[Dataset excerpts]
*** Block opens ***

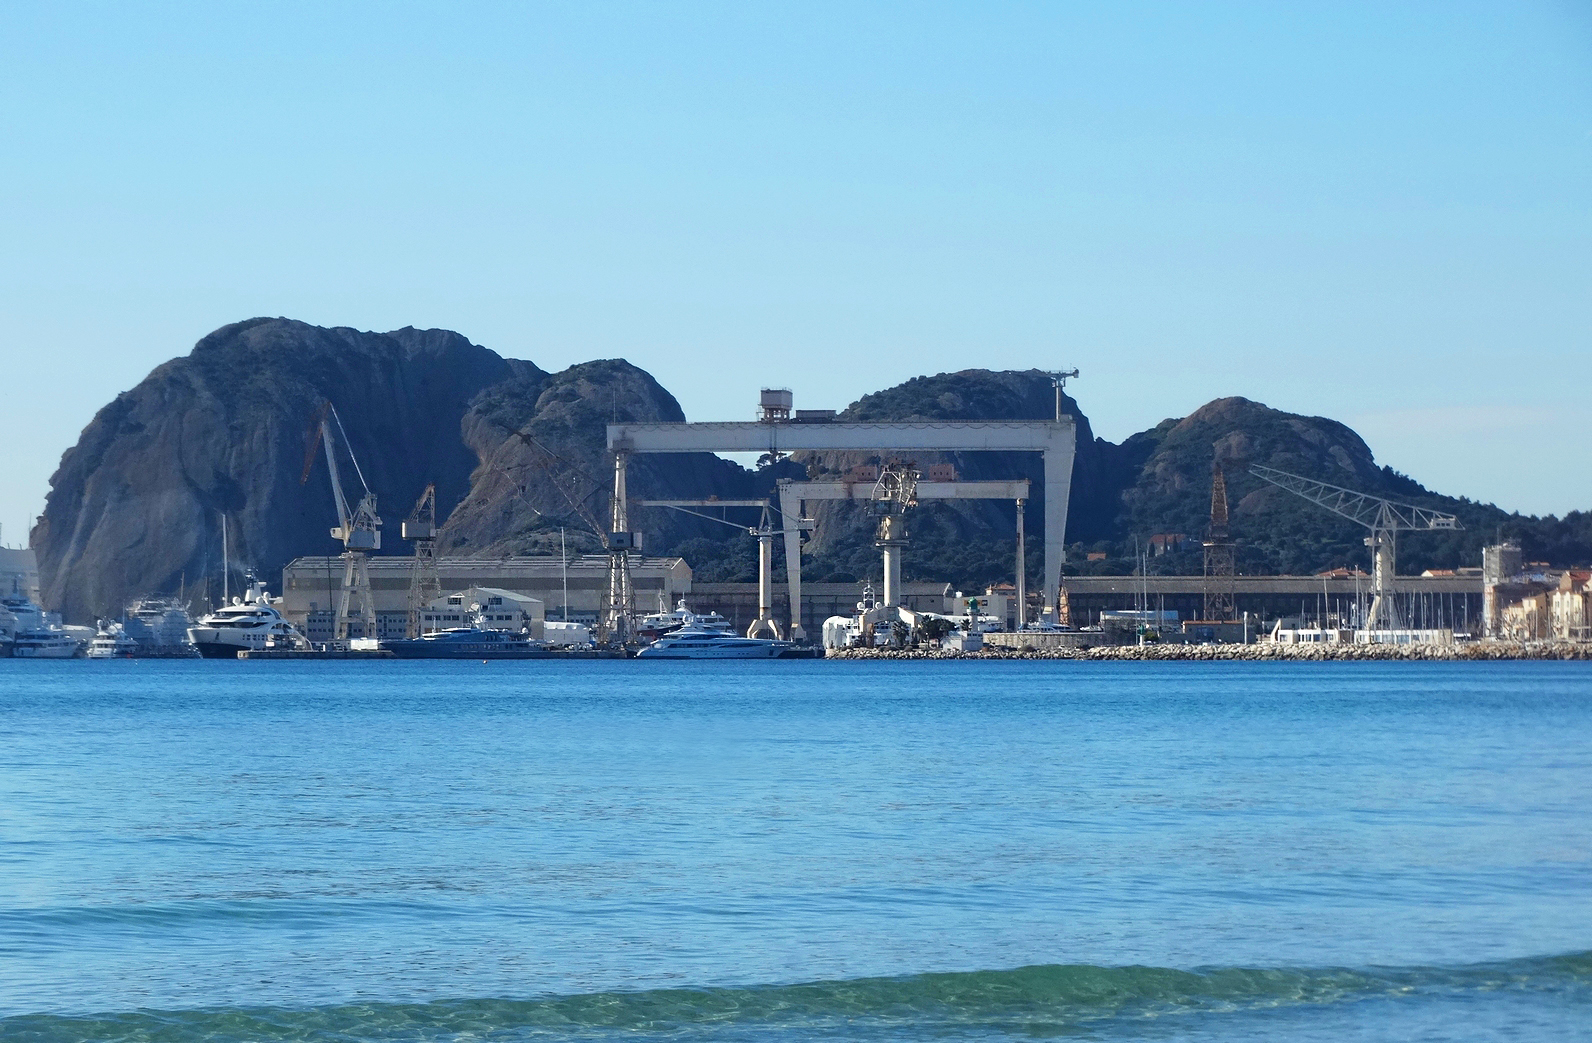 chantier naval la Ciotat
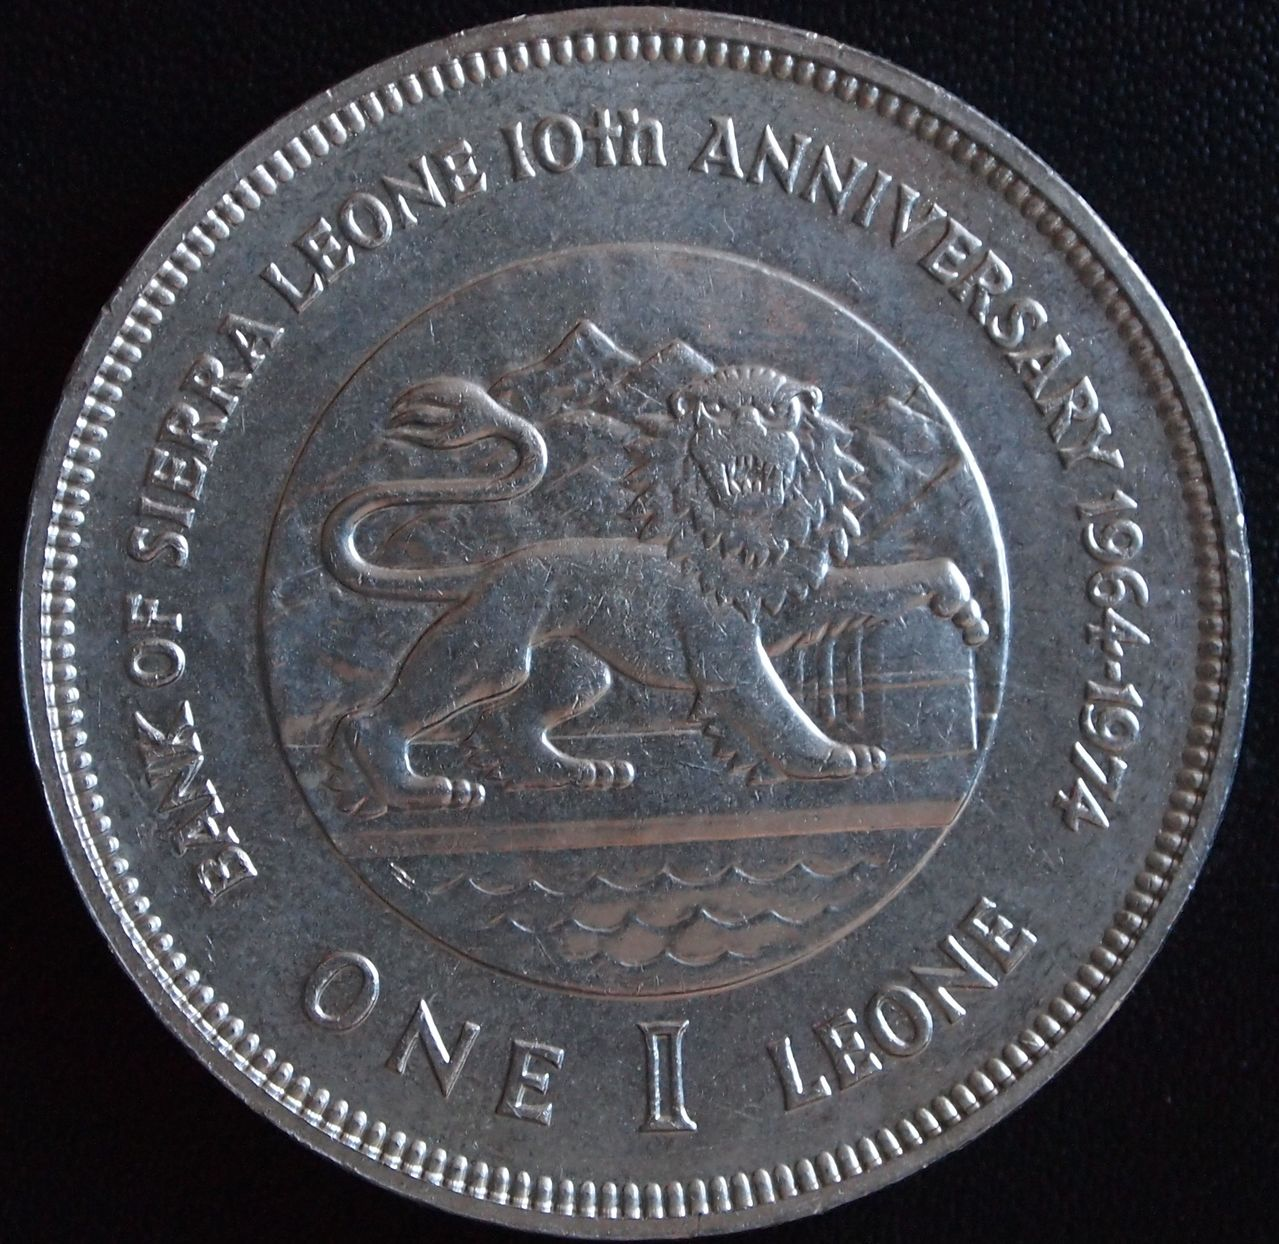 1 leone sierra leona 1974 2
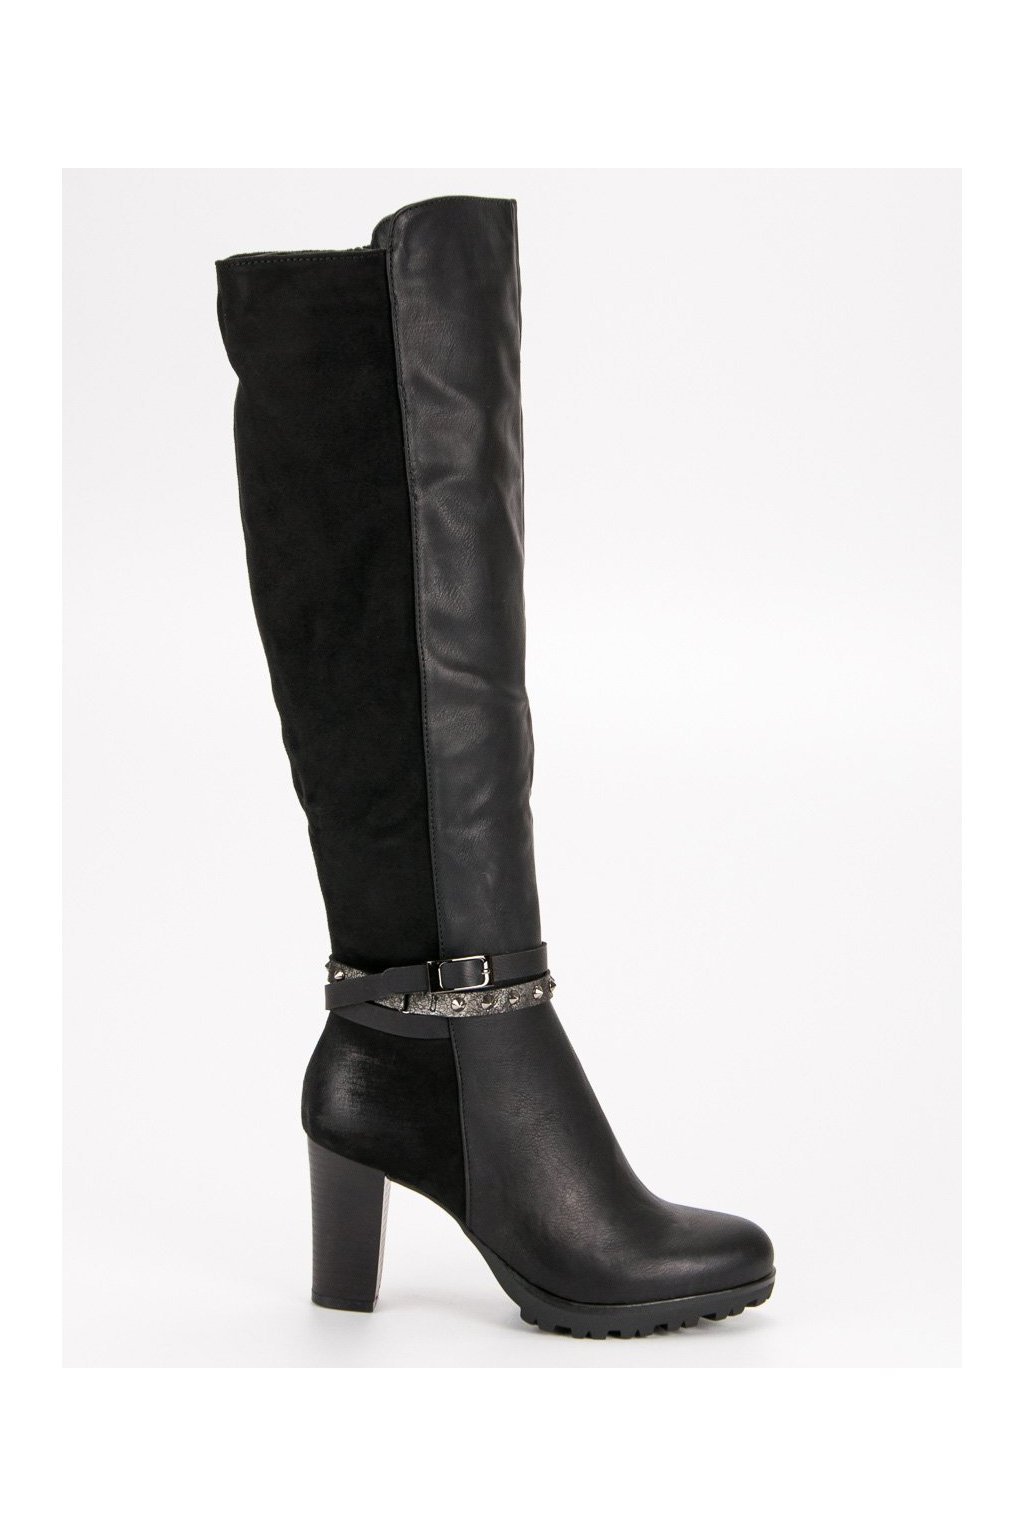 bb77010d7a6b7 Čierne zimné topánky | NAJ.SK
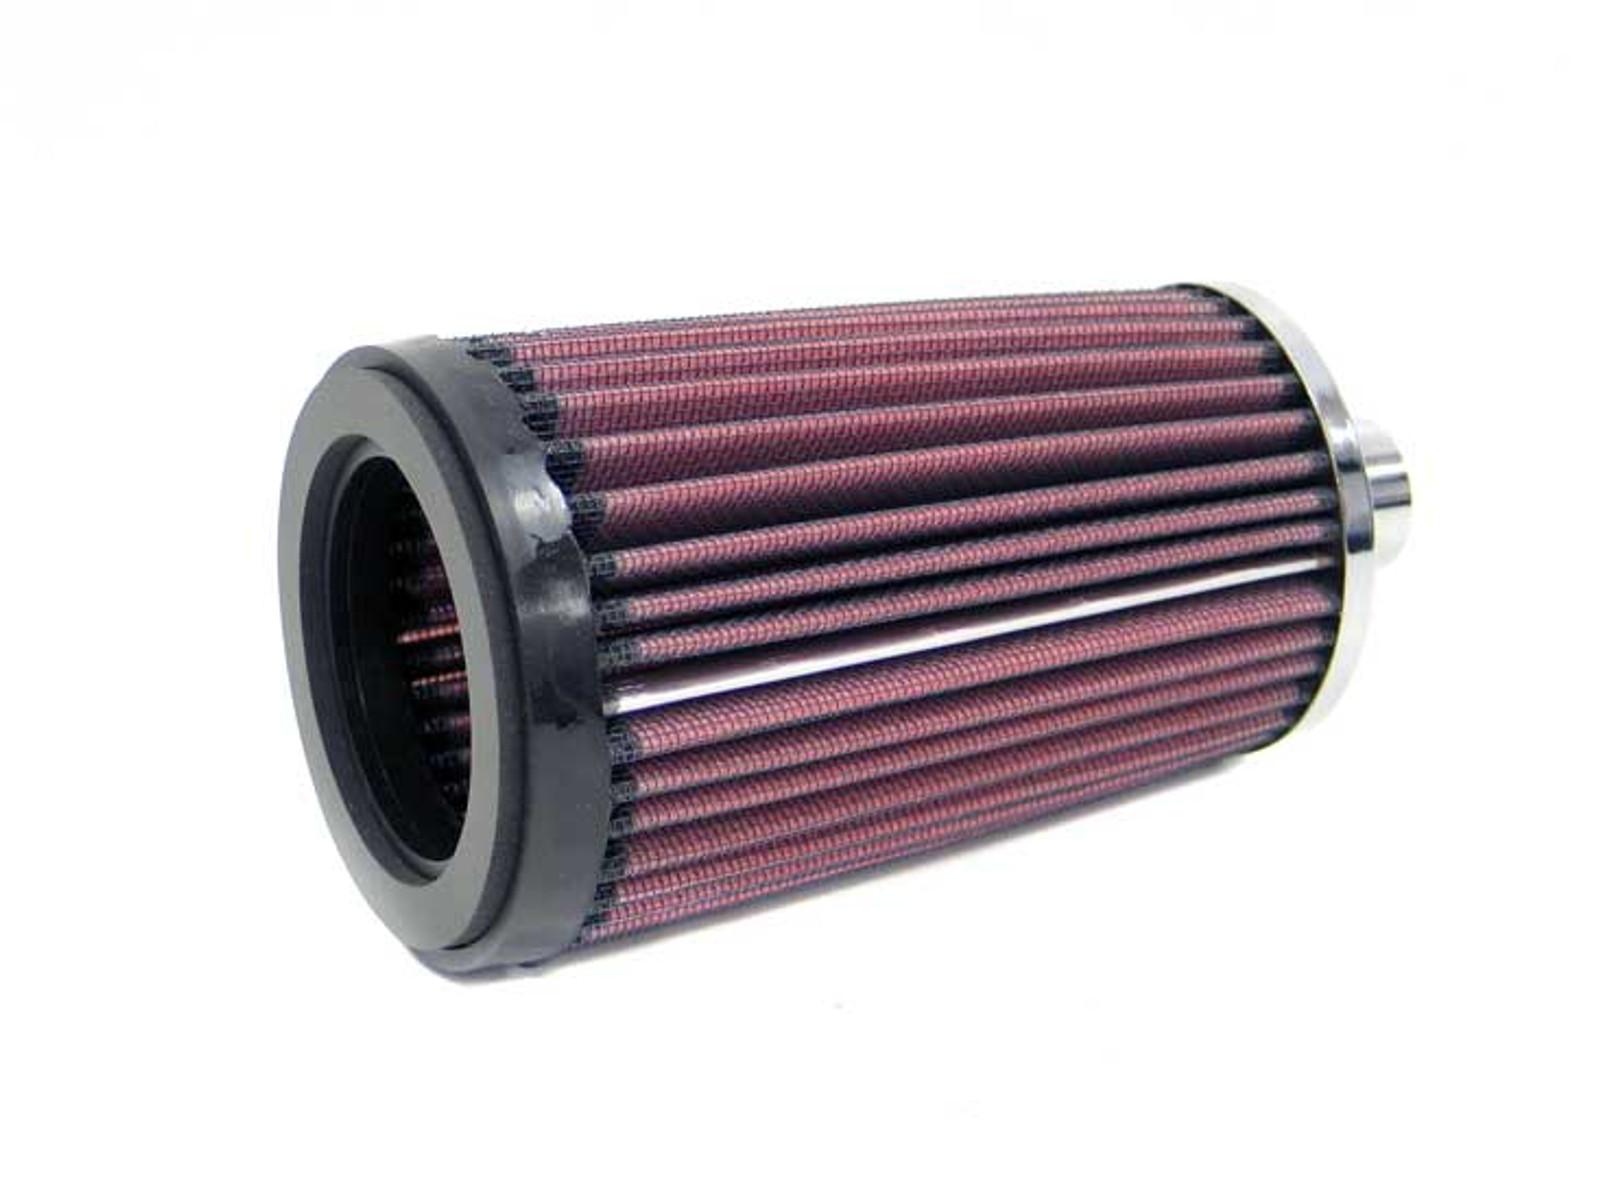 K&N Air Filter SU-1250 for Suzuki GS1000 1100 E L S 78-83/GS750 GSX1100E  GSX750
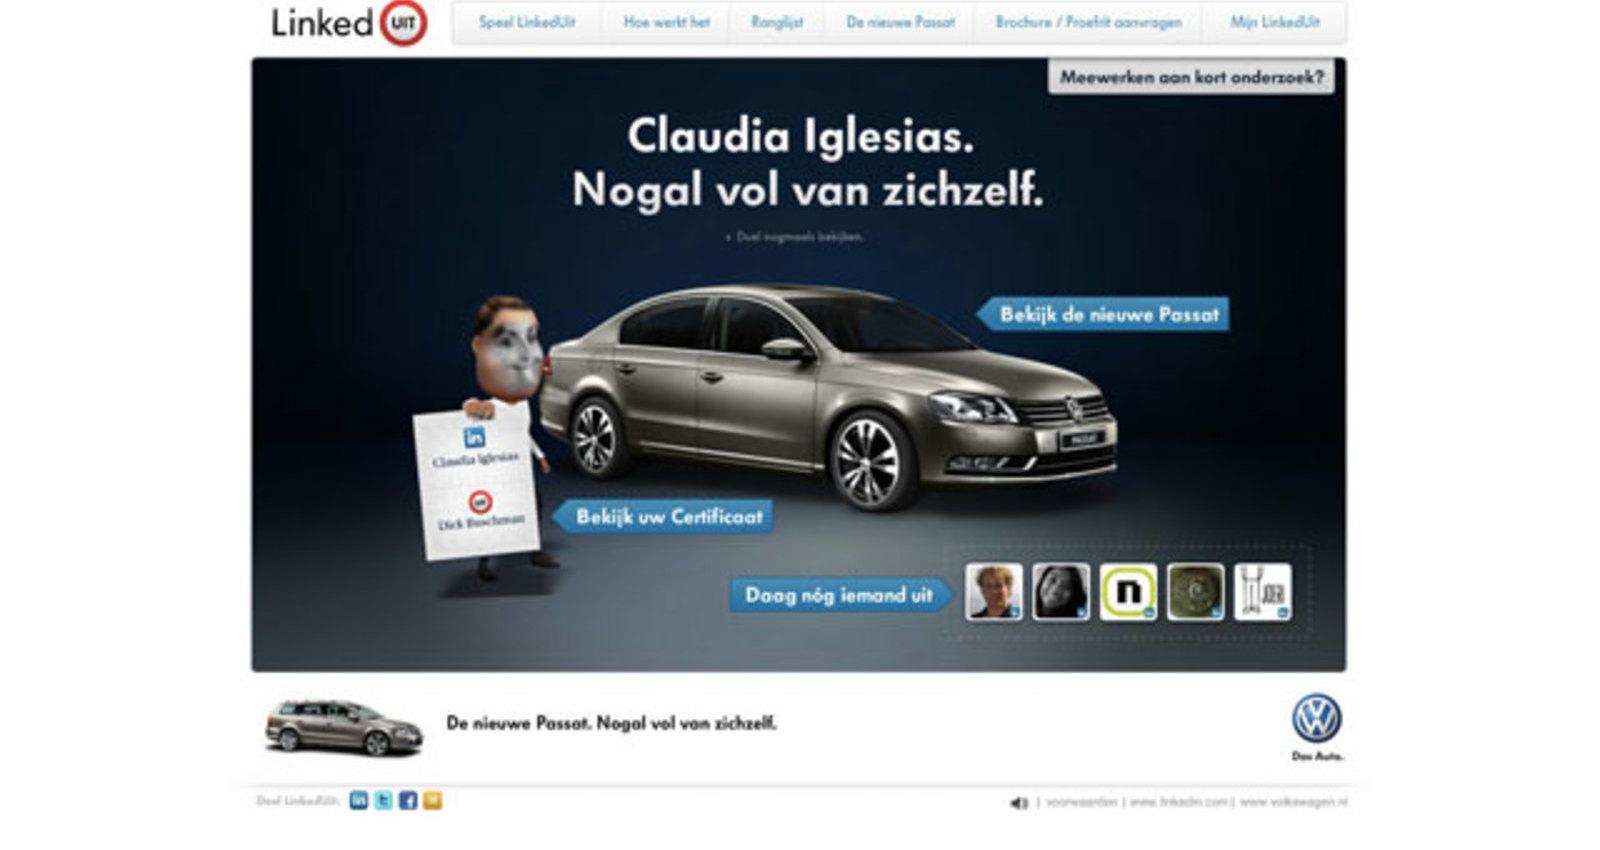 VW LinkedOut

*** Block closes ***

Retype the data above exactly, dropping every picture.

 chantier naval la Ciotat
 1 leone sierra leona 1974 2
 bb77010d7a6b7 Čierne zimné topánky | NAJ.SK
 K&N Air Filter SU-1250 for Suzuki GS1000 1100 E L S 78-83/GS750 GSX1100E  GSX750
 VW LinkedOut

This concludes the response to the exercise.